Figure 2: This patient presented with chest pain and shortness of breath. There are diffuse ST-depressions and T wave inversions with ST-elevation in aVR. The patient was taken for emergent cardiac catheterization which did not reveal an occlusion. This pattern was secondary to hypertrophic cardiomyopathy.[16]

 

Figure 3: This patient presented with weakness and vomiting. Again we see diffuse ST-depression with ST-elevation in aVR, and there are U waves seen most notably in the inferior leads. Appropriately, the ED physicians did not activate the cath lab and lab tests revealed hypokalemia.[16]

 

Figure 4: This patient presented with fever, hypotension, and tachycardia. There are diffuse ST-depressions and reciprocal ST-elevation in aVR along with lateral T wave inversions. The patient was treated for sepsis with crystalloid, vasopressors, and antibiotics. Repeat ECGs showed resolution of the ST/T wave changes.[16]

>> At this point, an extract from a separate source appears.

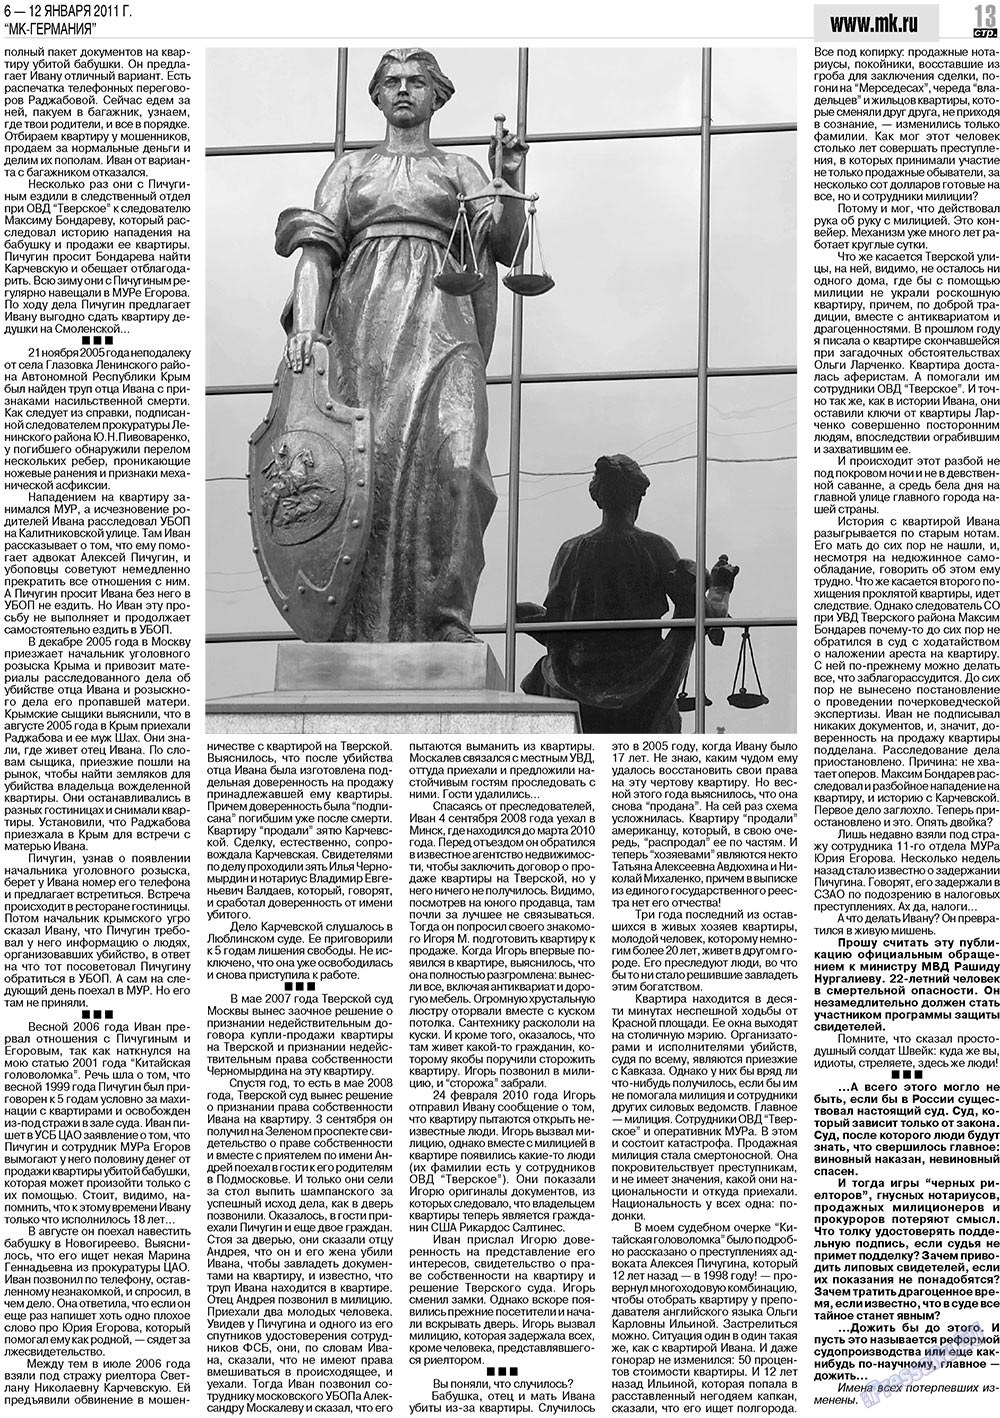 МК-Германия, газета. 2011 №1 стр.13

Case Outcome:By the time cardiology arrived, the patient’s chest pain had resolved and a subsequent ECG was unchanged. The patient’s vital signs were stable with heart rate ranging from 110 to 120/min. Bedside ultrasonography by the cardiologist noted no regional wall motion abnormality, normal EF, and no D sign. Given these findings, cardiology agreed that this was not OMI. They did eventually perform non-emergent coronary angiography which did not reveal an acute occlusion. Subsequent CT pulmonary angiography revealed pulmonary embolism and right ventricular dilatation. The patient was transitioned from heparin to oral anticoagulant and then discharged. 

 

What to Make of aVR:

As with all things in medicine, nothing lives within a vacuum. The ECG is an invaluable tool, but we cannot rely solely on a single ECG to decide upon cath lab activation. We should always consider symptom patterns consistent with myocardial ischemia such as active retrosternal chest discomfort, diaphoresis, emesis, and pain radiation along with dynamic ECG changes and bedside echocardiography (http://blog.clinicalmonster.com/2021/09/16/regional-wall-motion-abnormalities/). 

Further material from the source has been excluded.